**Exercise instructions**
Repeat the records below exactly from the line containing "Kate Mara leaves" to the line containing "Bromic PCB control port view", taking in both of those lines. Drop the pictures.

**Data for analysis**
========
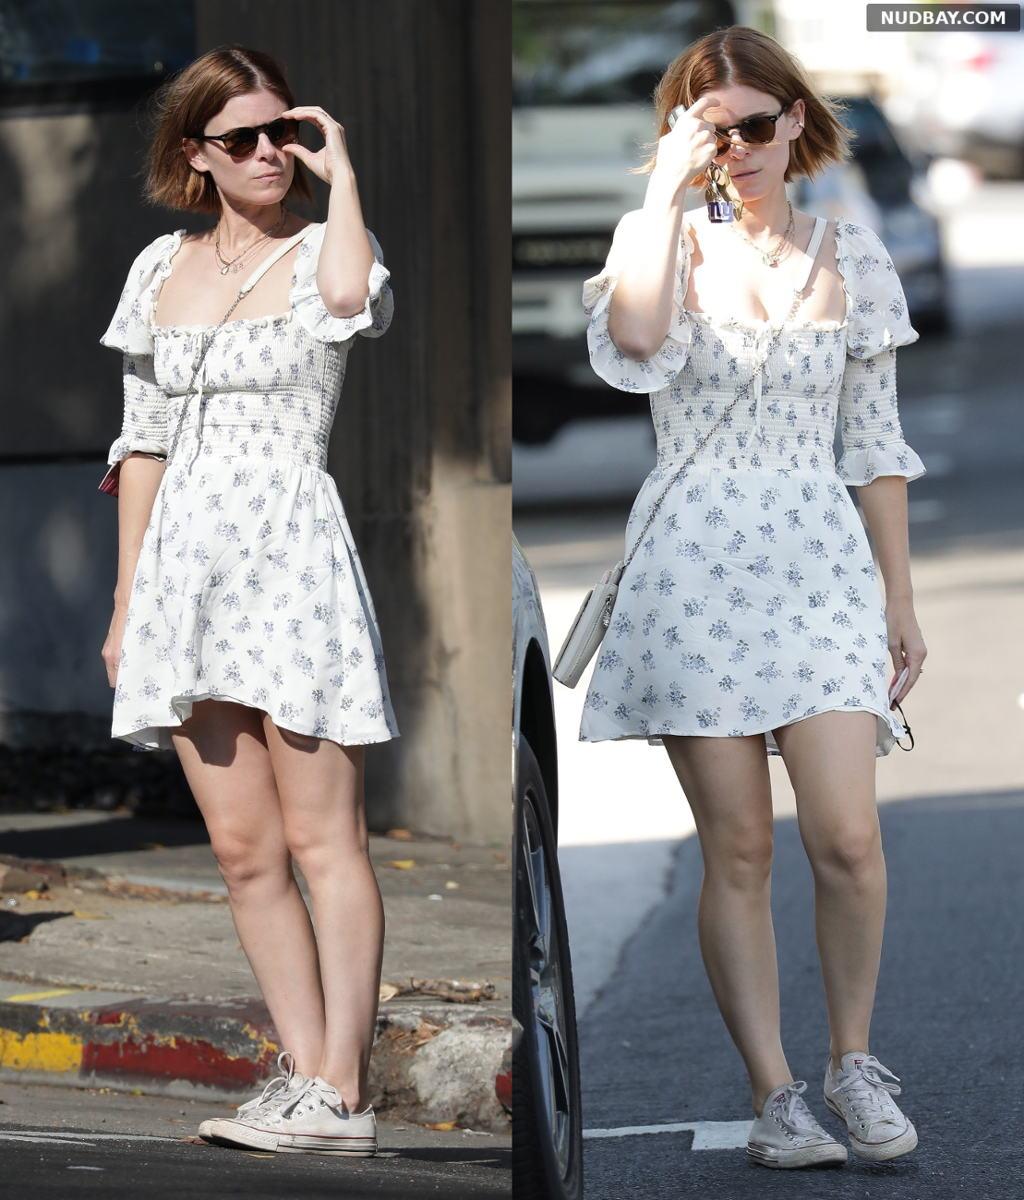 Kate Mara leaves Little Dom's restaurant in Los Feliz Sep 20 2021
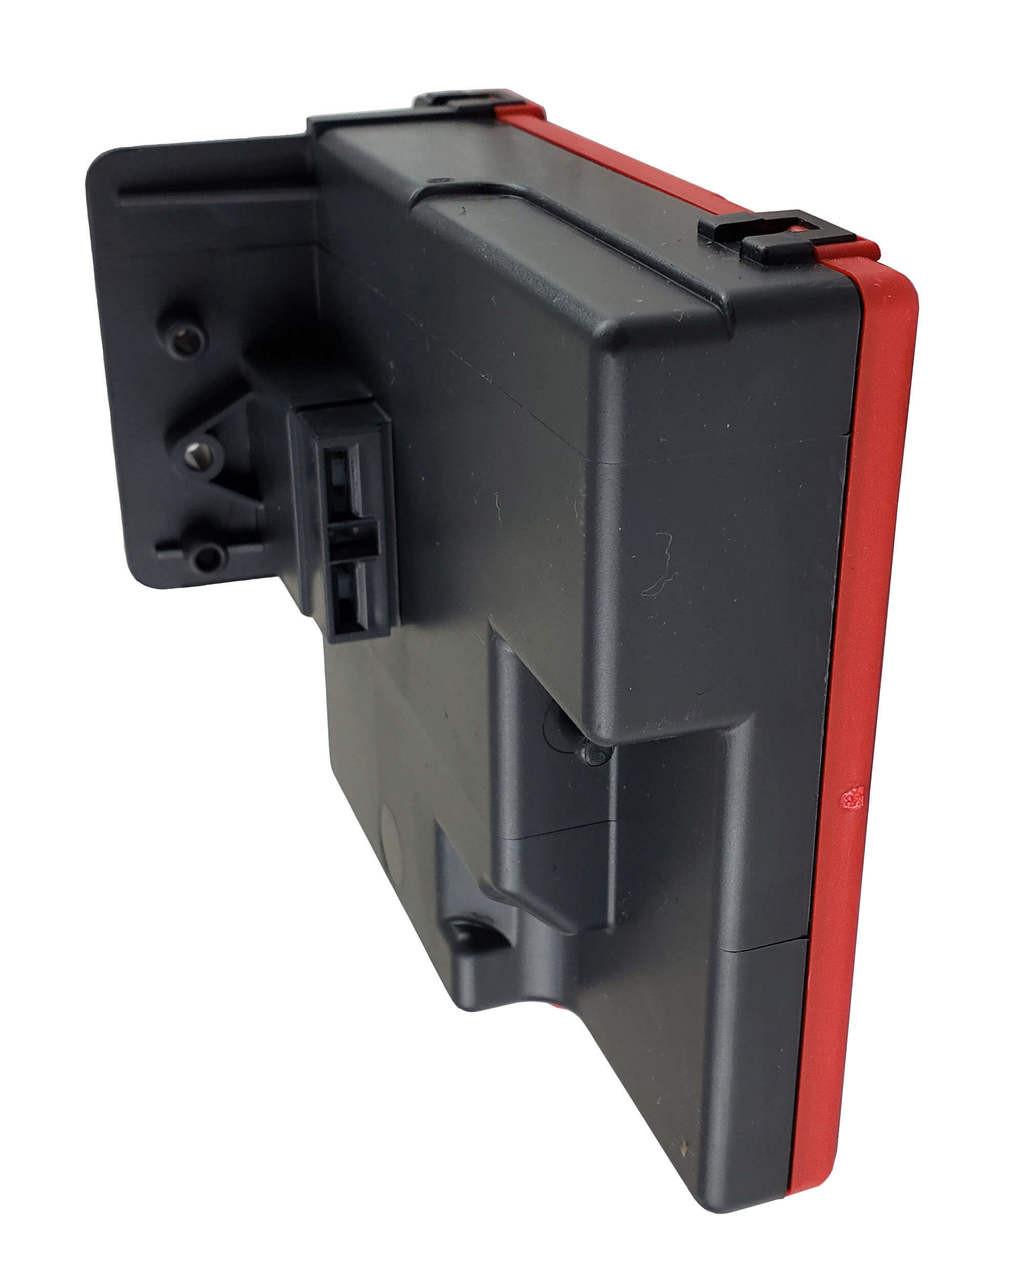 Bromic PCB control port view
========
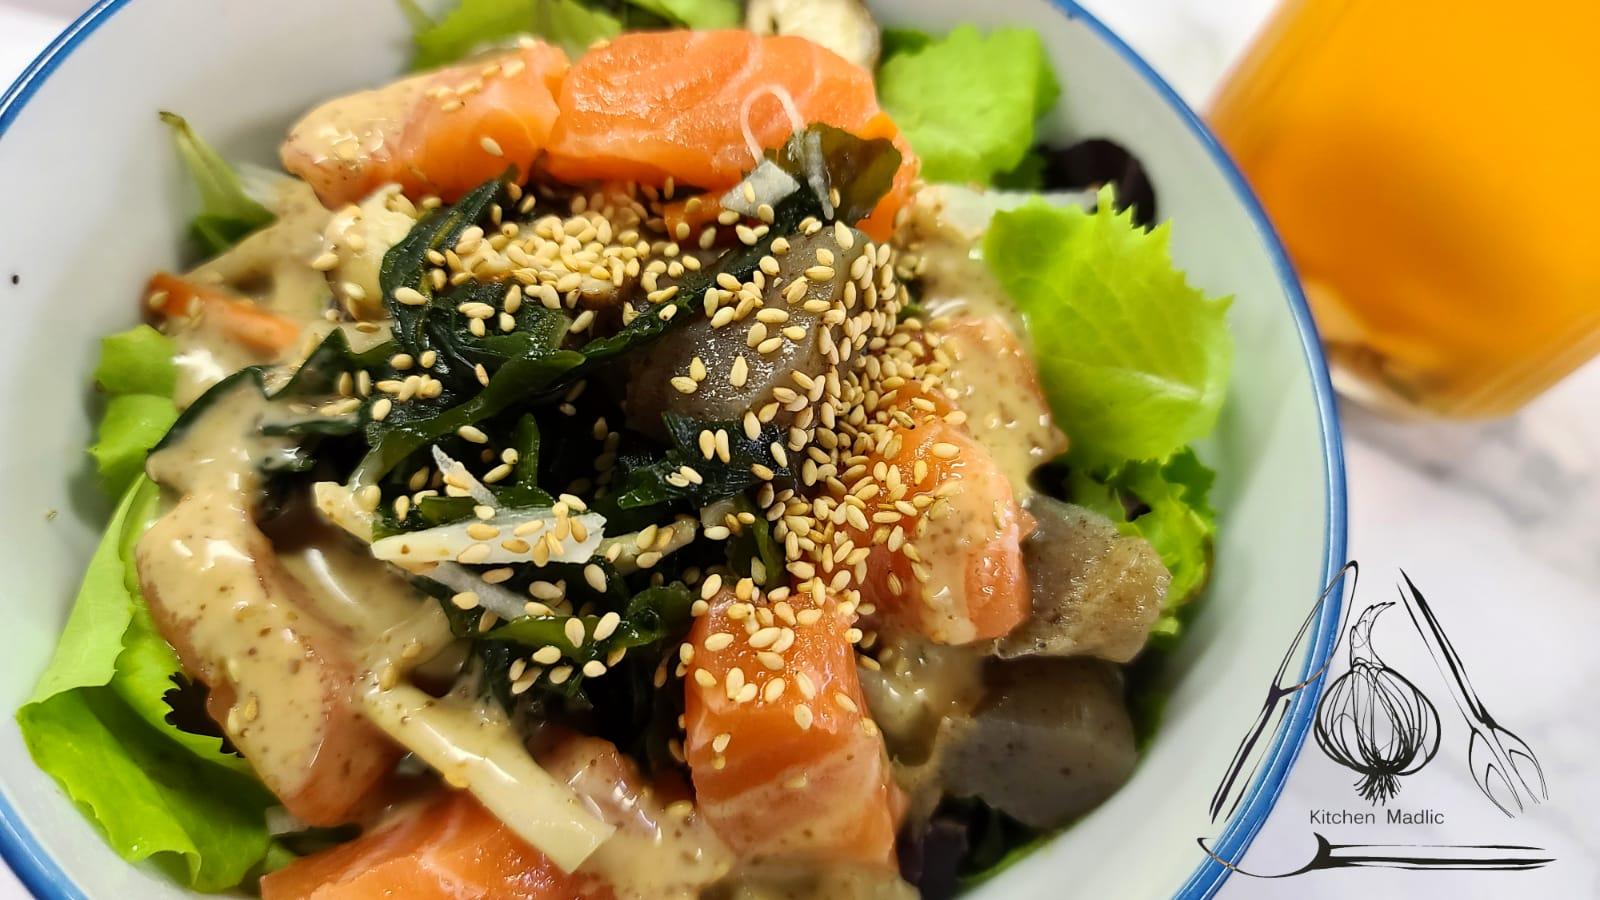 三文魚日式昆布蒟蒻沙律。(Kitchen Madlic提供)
========
**Output for this exercise**
 Kate Mara leaves Little Dom's restaurant in Los Feliz Sep 20 2021
 Bromic PCB control port view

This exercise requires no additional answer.